Due indagini di campo hanno scoperto che tra le maggiori società al mondo nel settore dell'olio di palma sostenibile c'è chi vìola i diritti umani

olio di palma sostenibile

 

Ancora uno scandalo per l’olio di palma sostenibile

 

(Rinnovabili.it) – Esisterebbero almeno due casi in cui produttori certificati di olio di palma sostenibile violerebbero i diritti del lavoro, costringendo la manodopera a turni massacranti senza il pagamento degli straordinari, per raggiungere obiettivi di produttività al limite dell’utopia. Per rispettare le consegne, diversi i lavoratori avrebbero portato con sé mogli e figli, contribuendo ad una violazione delle norme internazionali sul lavoro minorile.
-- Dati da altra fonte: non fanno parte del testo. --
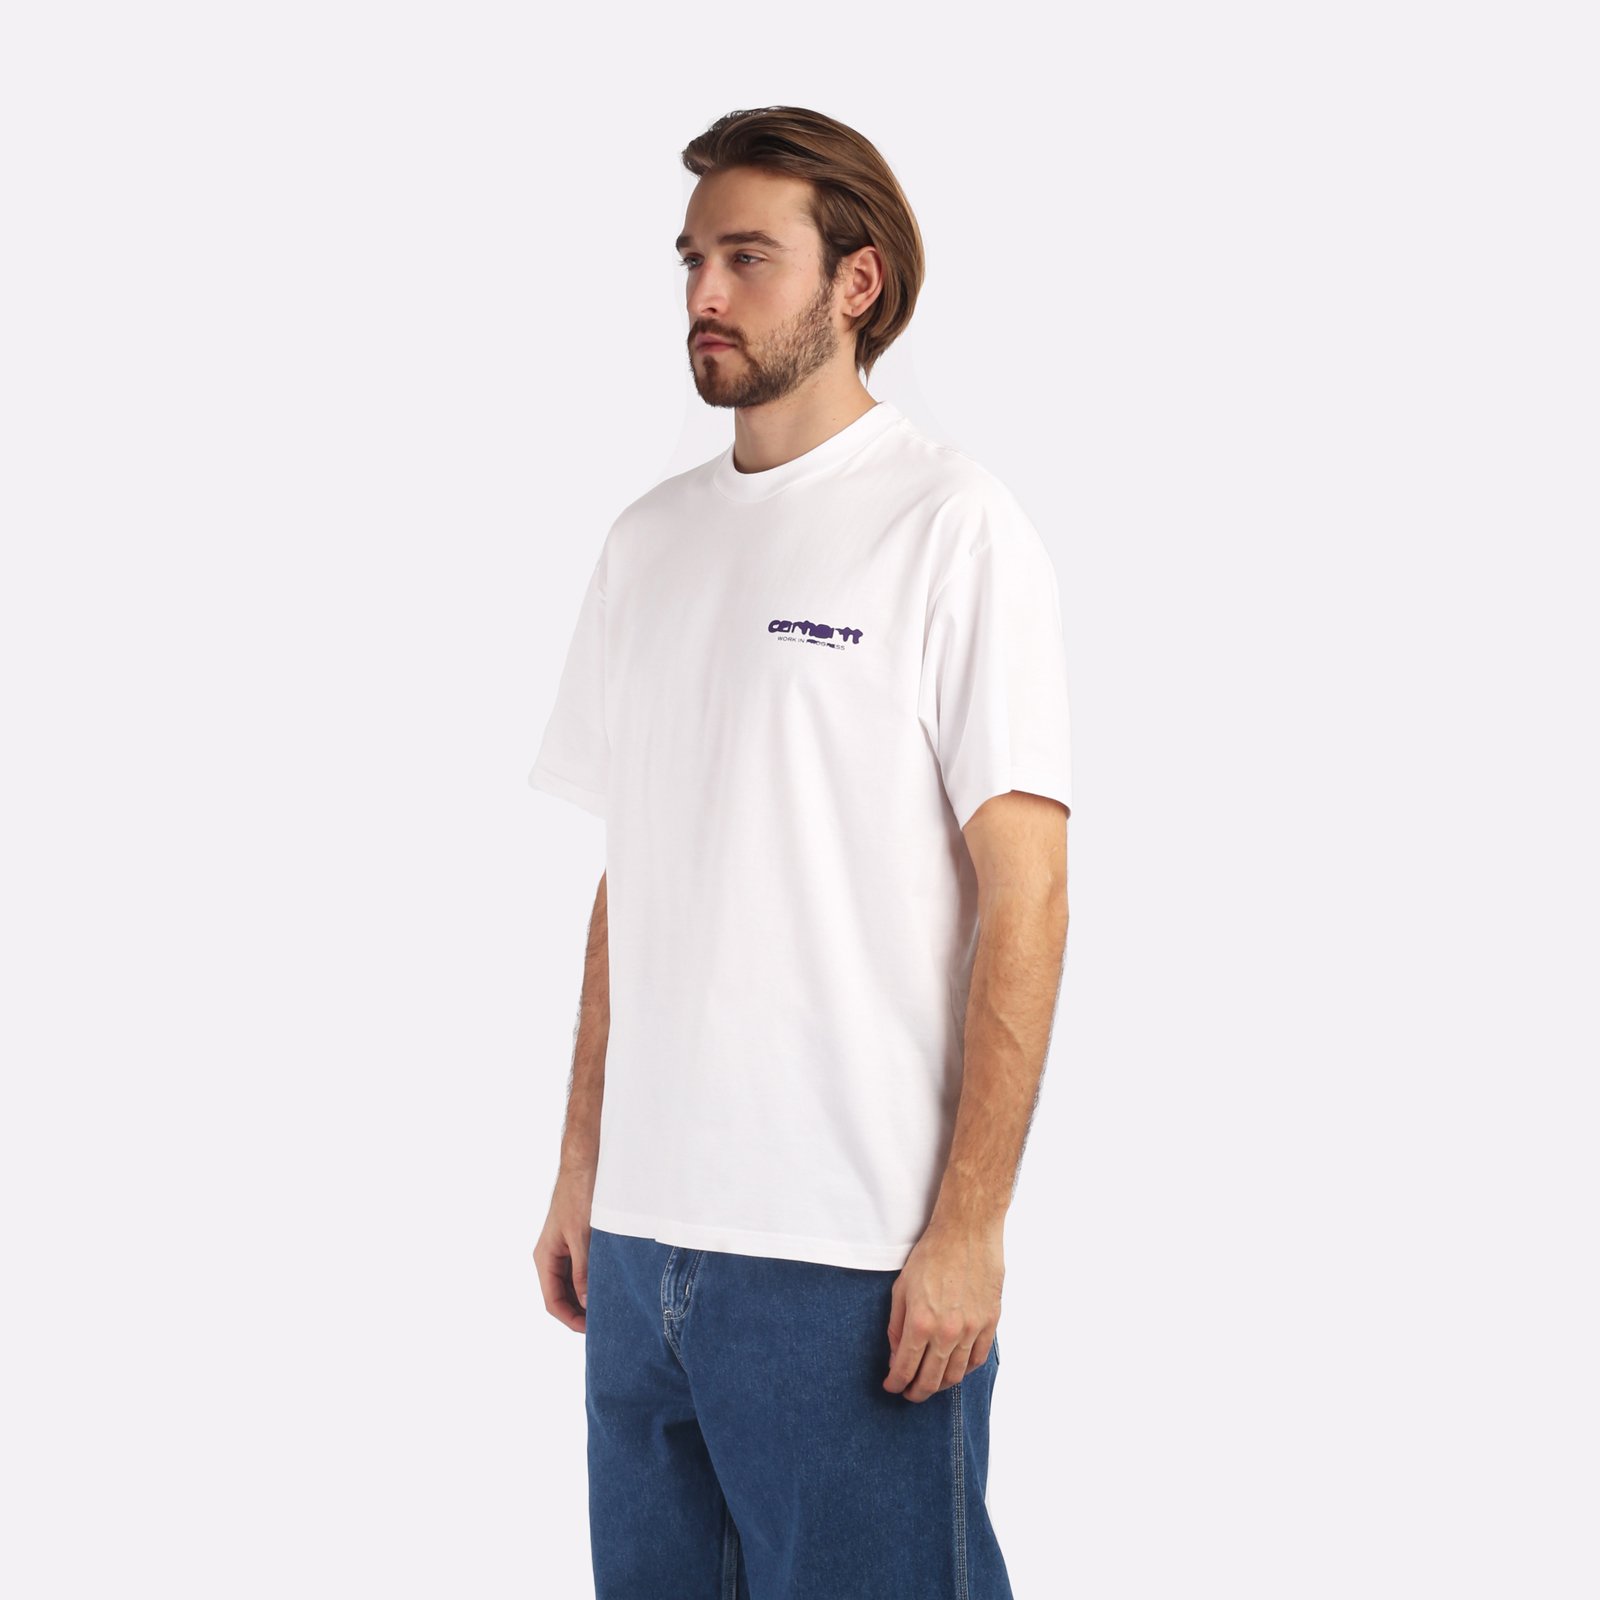 мужская белая футболка Carhartt WIP S/S Ink Bleed T-Shirt I032878-white/tyrian - цена, описание, фото 3

La denuncia è contenuta in un rapporto di SOMO, centro di ricerca olandese sull’operato delle multinazionali attivo dal 1973, che analizza due casi studio in Indonesia. Il primo riguarda l’azienda Murini Sam Sam, di proprietà della società Wilmar International, membro di RSPO e primo produttore mondiale di olio di palma con il controllo sul 43% del commercio mondiale. Murini Sam Sam gestisce piantagioni e impianti di trasformazione a Sumatra. Il secondo coinvolge Aneka Inti Persada, anch’essa attiva in diverse piantagioni e impianti sull’isola di Sumatra e controllata dalla Sime Darby, società malese tra i primi 10 produttori mondiali e membro di RSPO.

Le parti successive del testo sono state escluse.